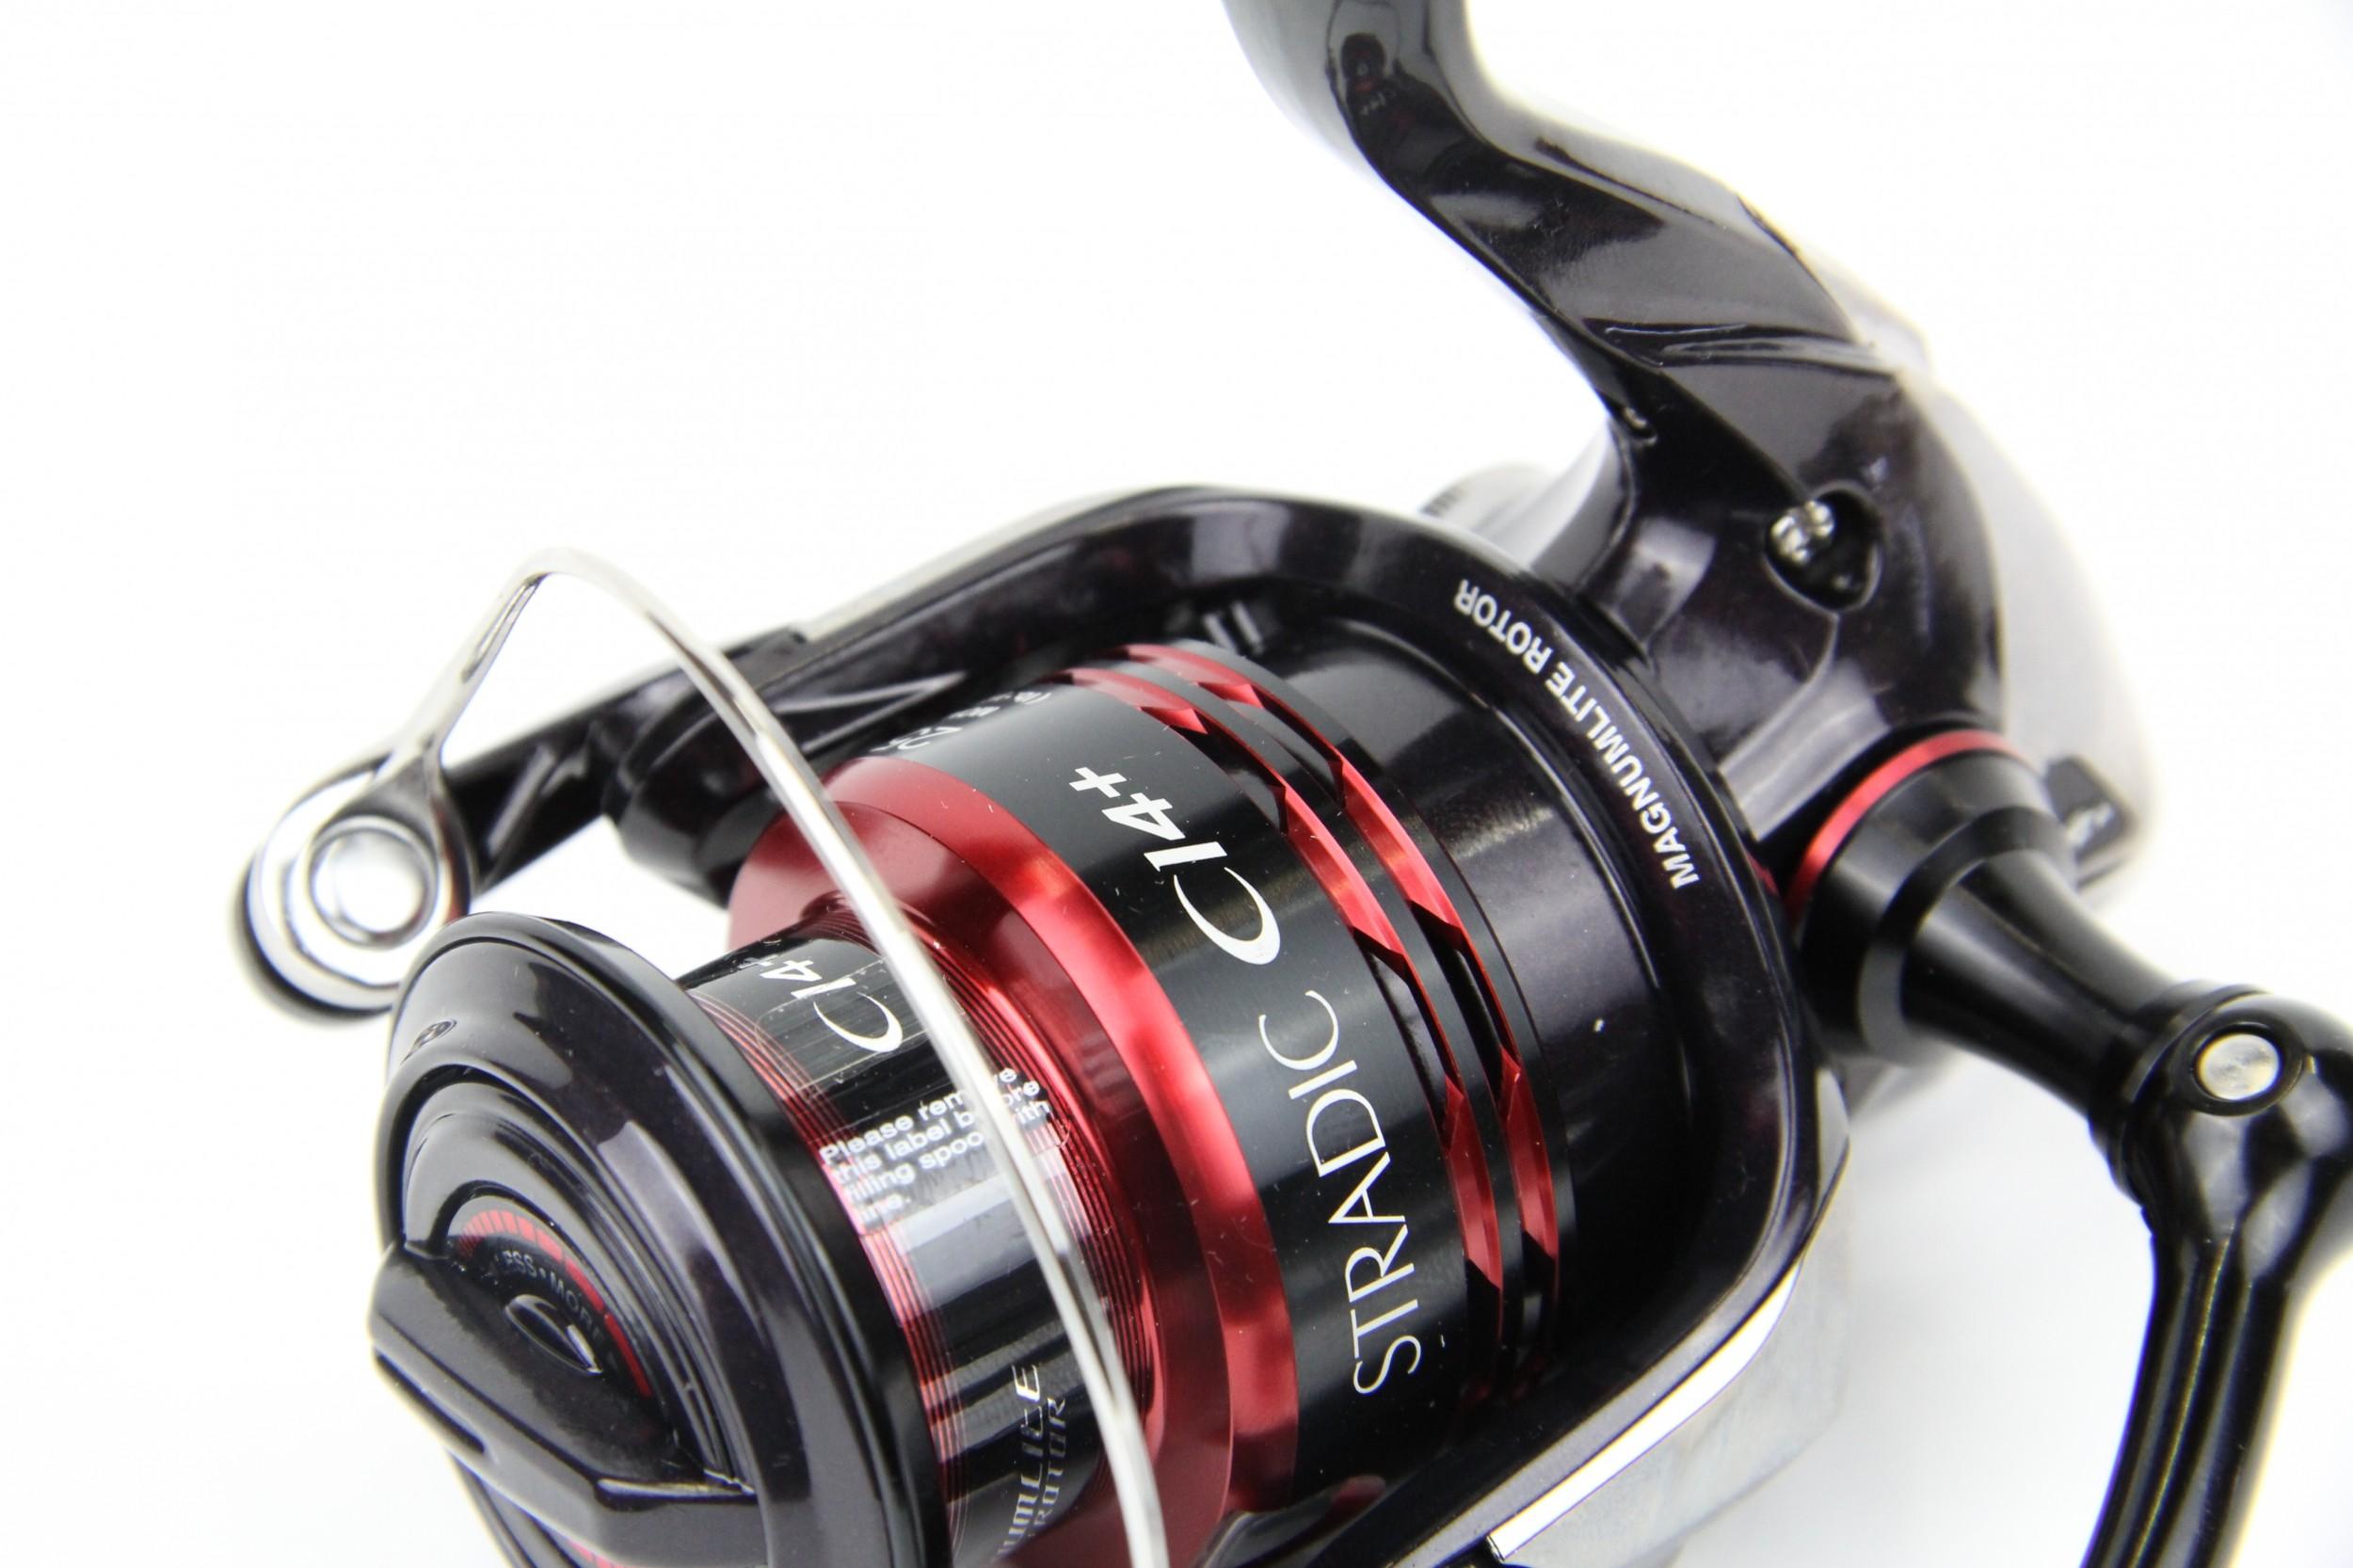 La pêche au leurre avec le shimano straidc ci4+
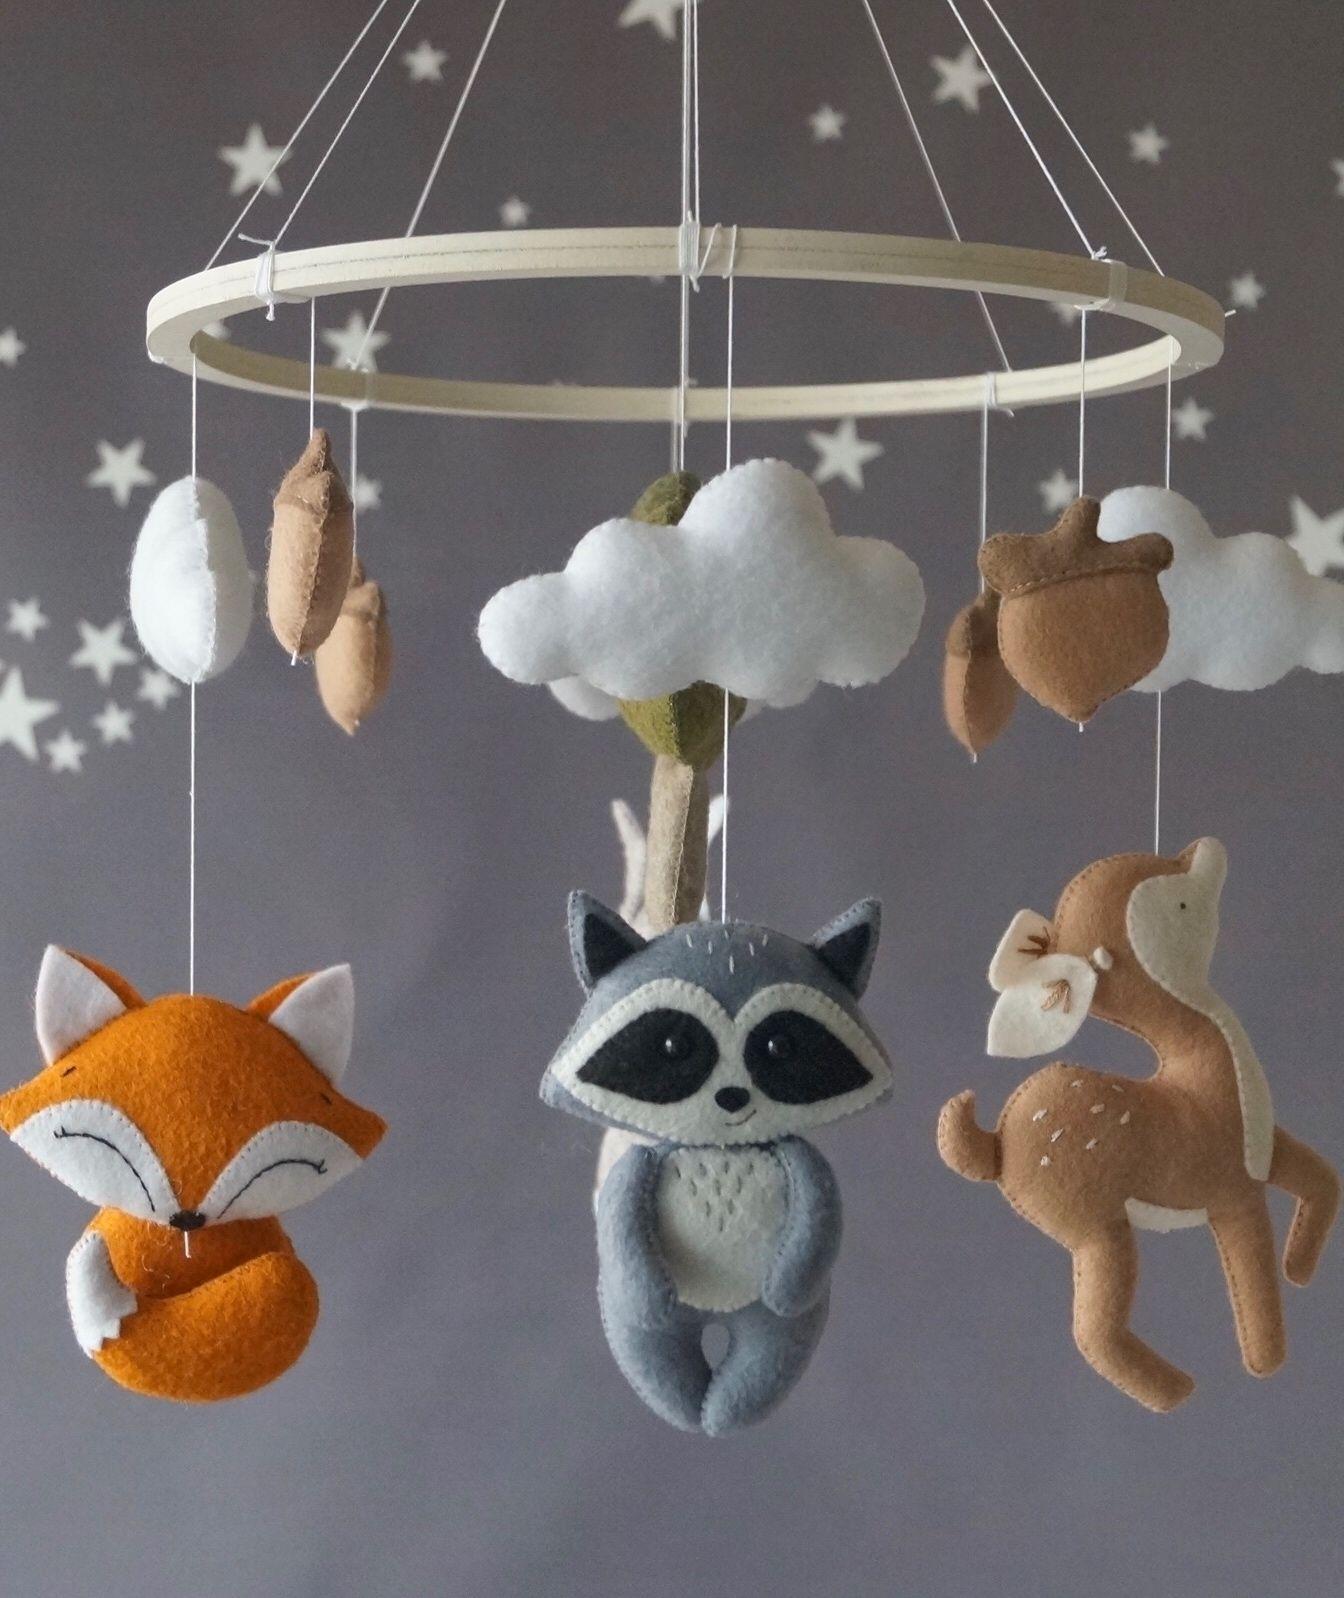 natural wood finish art craft Babies room DIY hanging mobile kit 8 arms
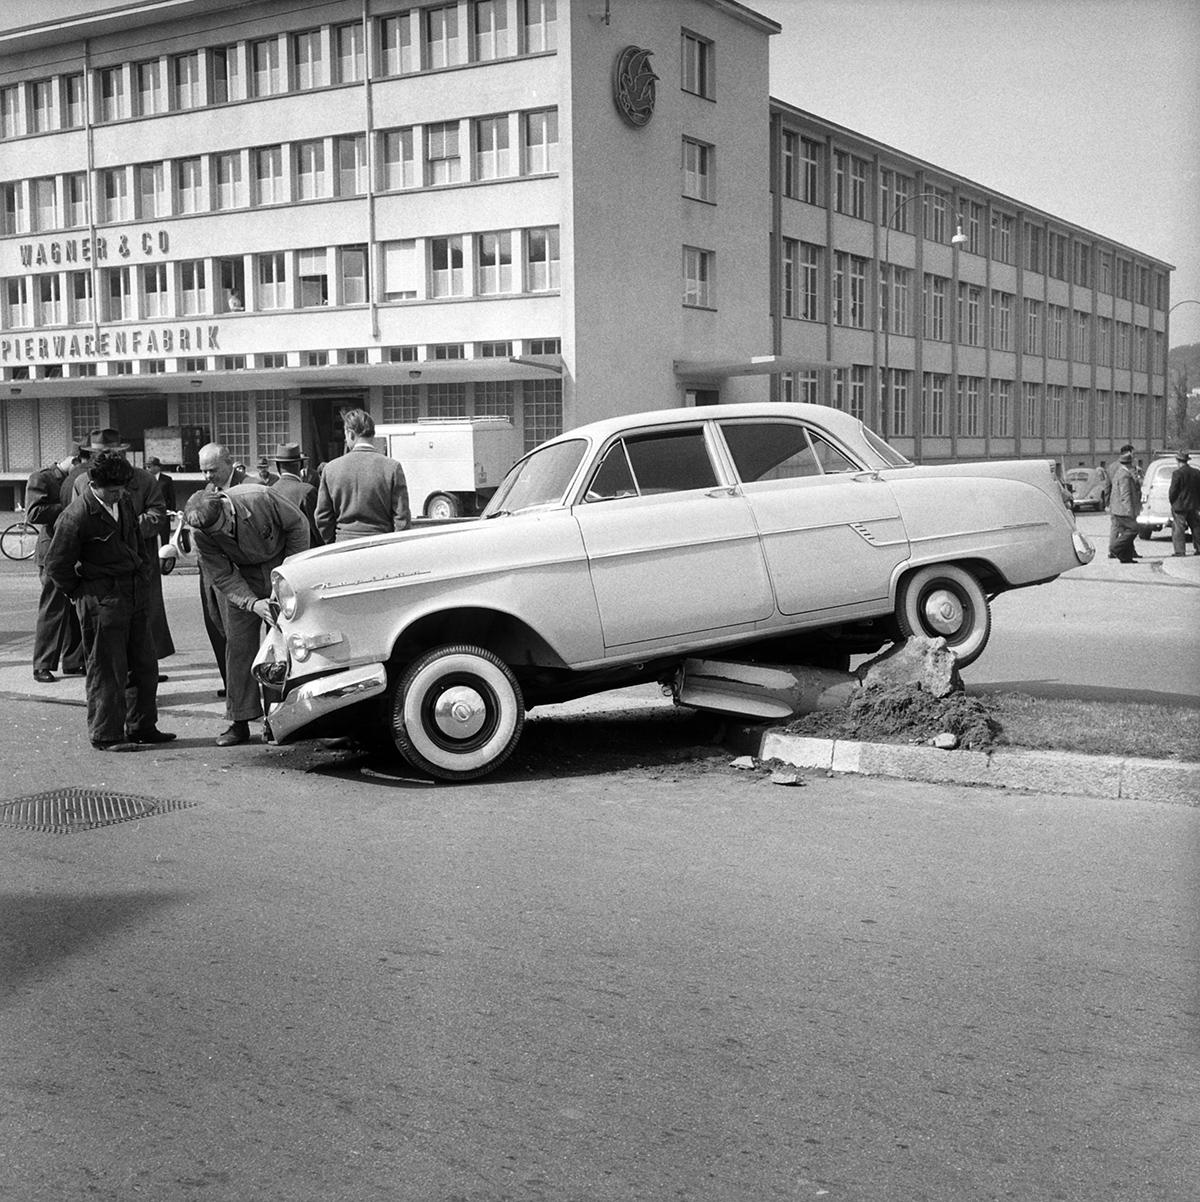 Arbeiter betrachten beschädigten Personenwagen, Schlieren 1959

Task to carry out -
Return the material above in exact form. Pictures stay out.

Exercise answer -
 La pêche au leurre avec le shimano straidc ci4+
 natural wood finish art craft Babies room DIY hanging mobile kit 8 arms
 Arbeiter betrachten beschädigten Personenwagen, Schlieren 1959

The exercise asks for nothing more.